I looked at Max and nodded.

“I’ll book into a hotel until I can get a flight,” she said, “I’m sorry you feel this way, Sophie, but know this. I have admired and respected you for as long as I’ve known you, and I wouldn’t do anything, ever, to hurt you. I’m going now, and you won’t see me again unless you want to. But please, Sophie, get some help. You’re not yourself. I’ll see myself out, Hannice.”

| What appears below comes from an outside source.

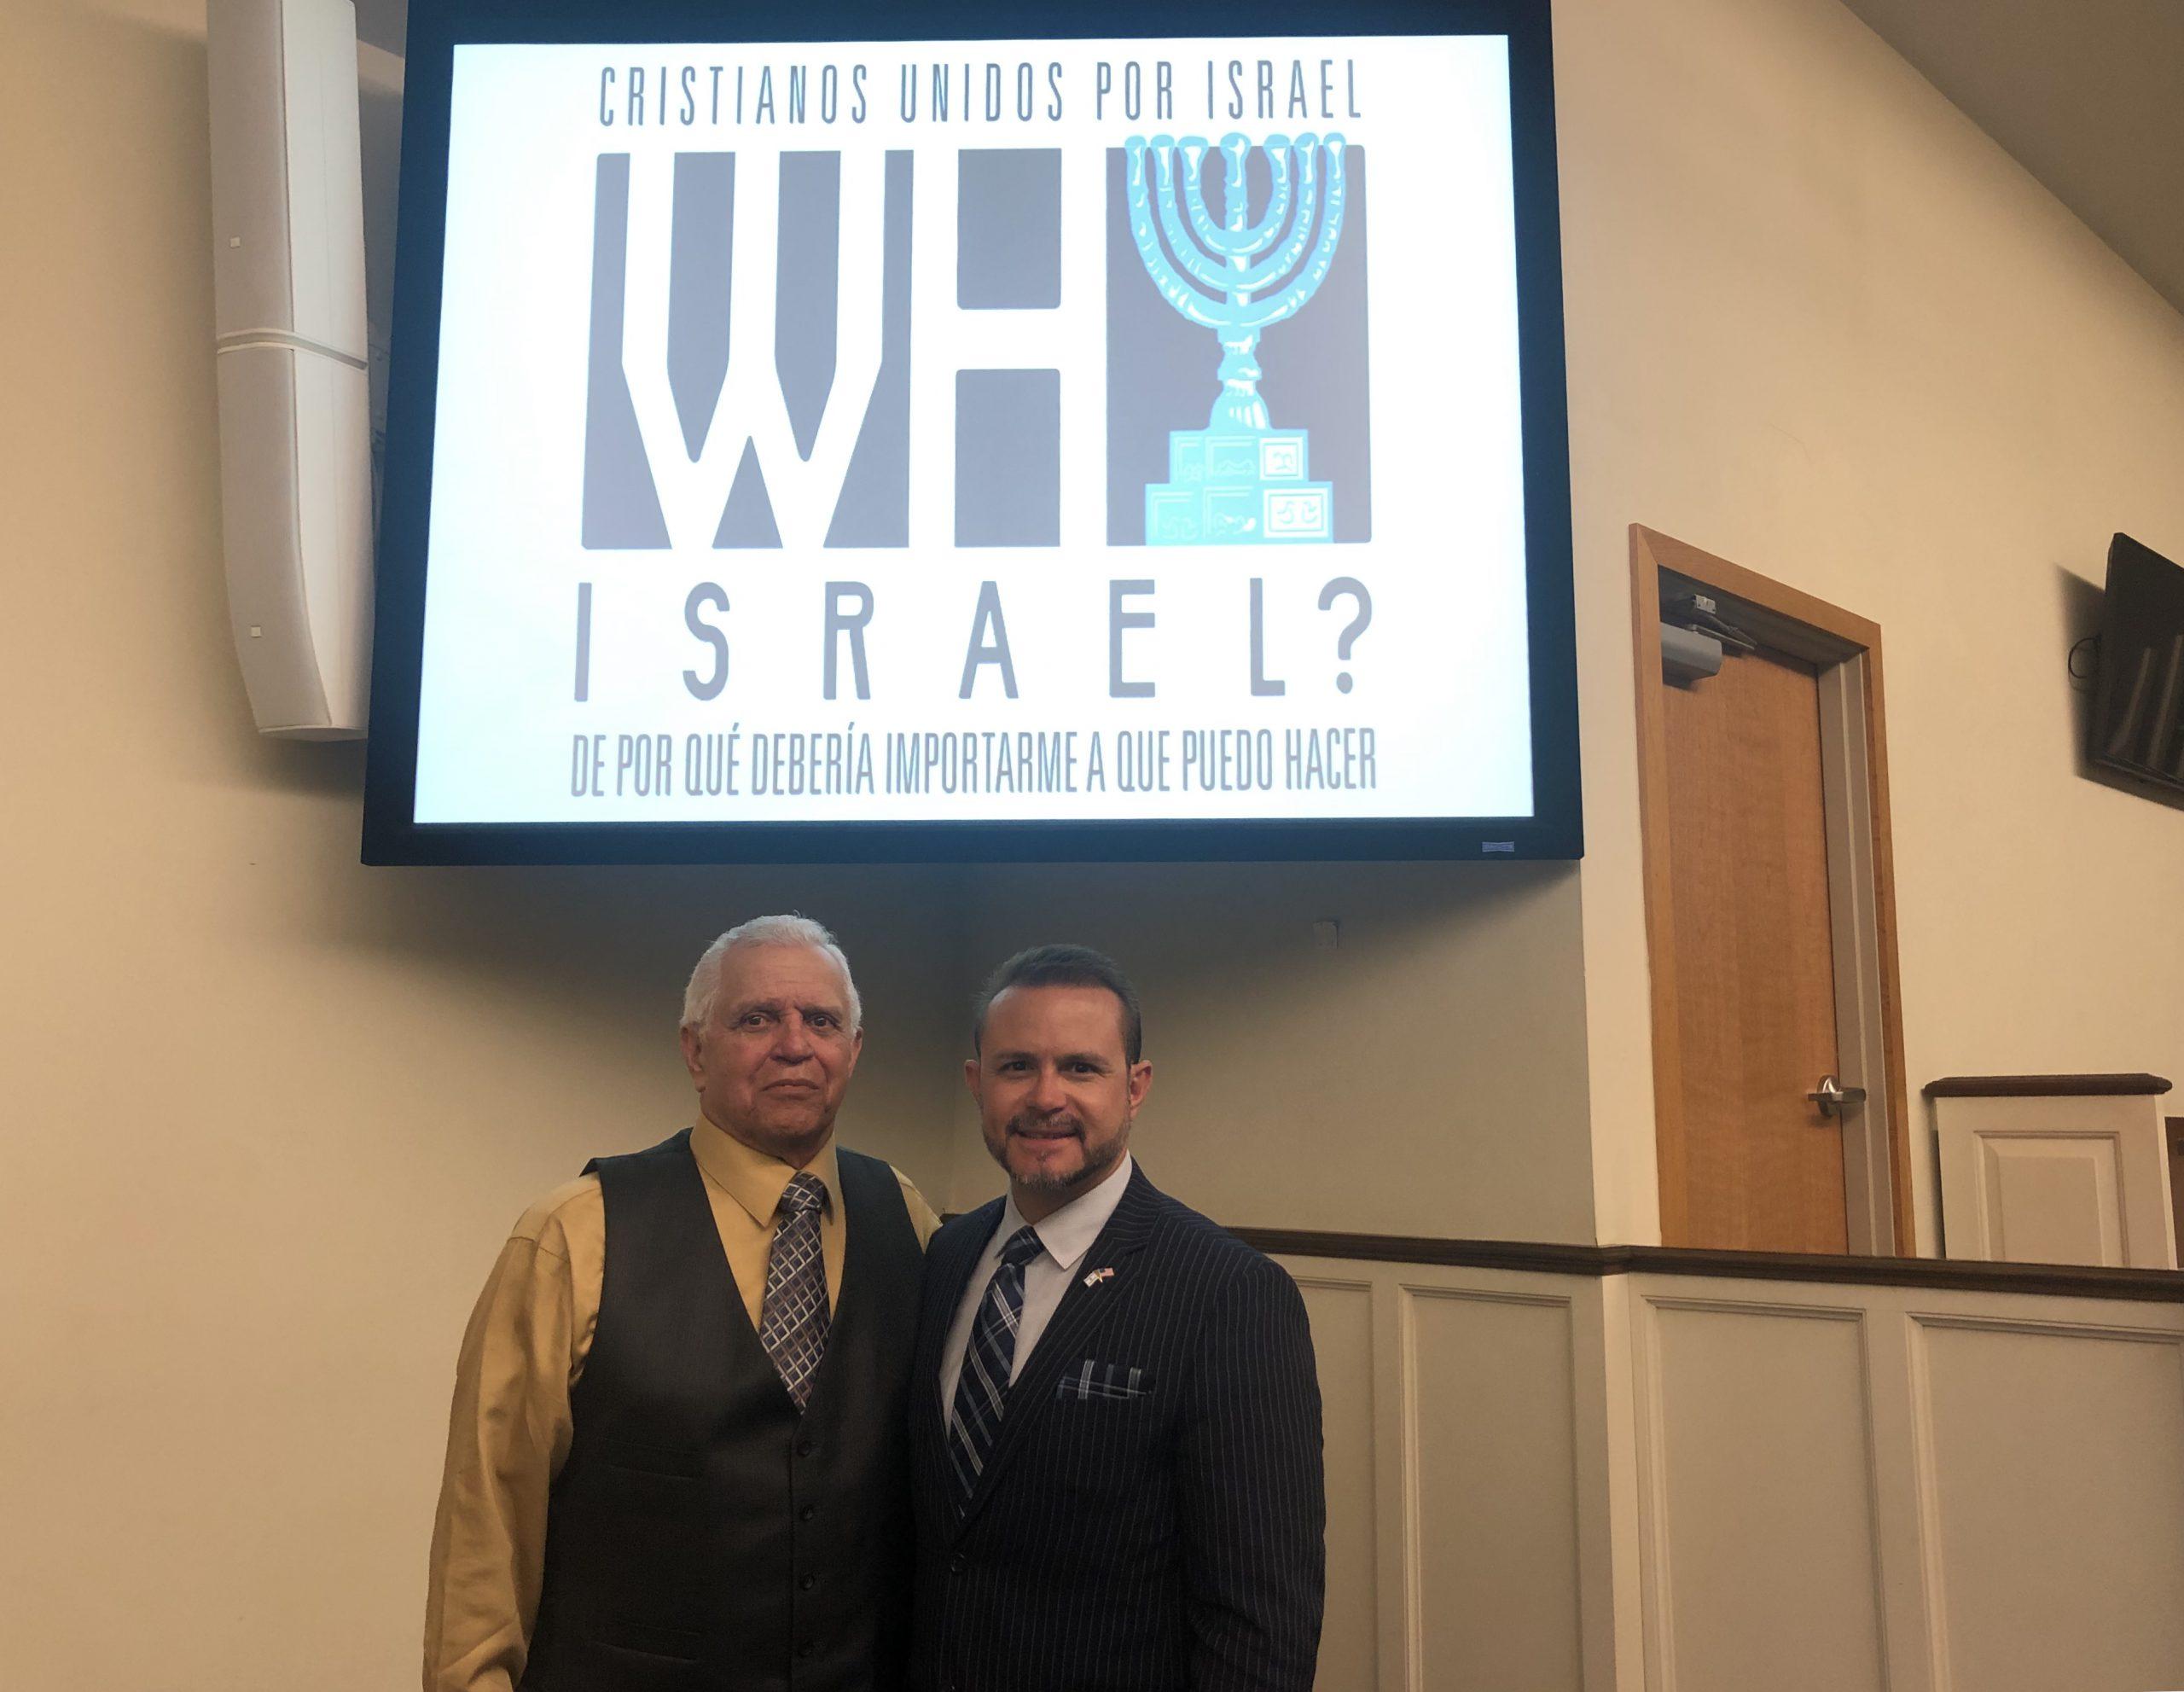 April 6 - Chambersburg, PA - Spanish Why Israel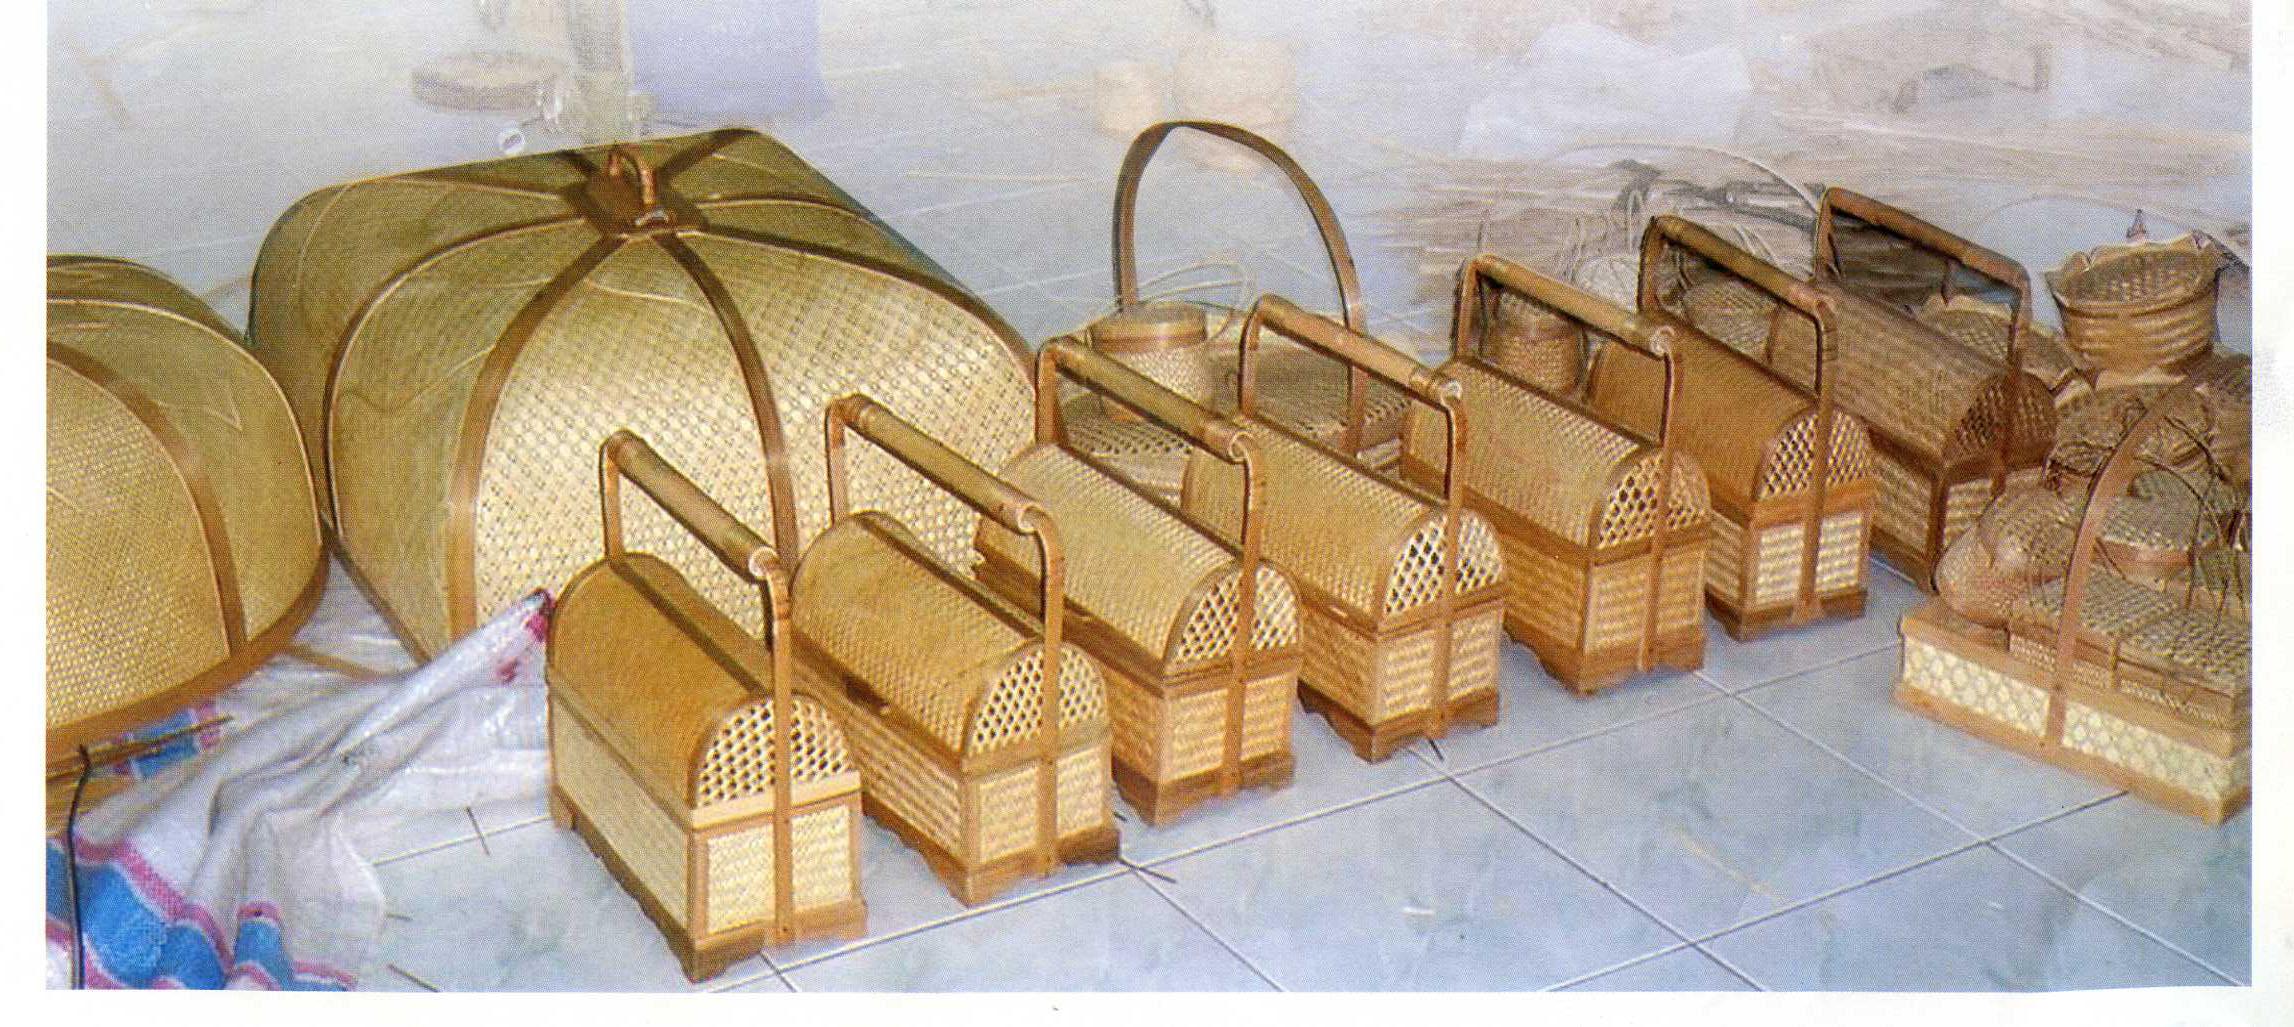 Kerajinan Bambu Trenggalek, Khas Sukatno | Pusaka Jawatimuran2294

Half an hour later, a taxi pulled up at the door, Max got in and left us.

“She’s gone,” I said, “do you want to go back home and restart your sessions?”

“I don’t know,” she said, “I have a headache. I’m going back to bed. Alone.”

“I’ll come and look in on you in a while, to make sure you’re okay.”

“Don’t bother!”

“Sophie, love. You’re not well. Whether you want me to or not, I’m going to pop in and check on you. You don’t have to speak or even acknowledge me, but if you think I’m about to give up on you, then you don’t know me anything like as well as you think you do.”

She stormed out of the room and up the stairs to our bedroom, shouting behind her as she went, “You can sleep on the bloody sofa.”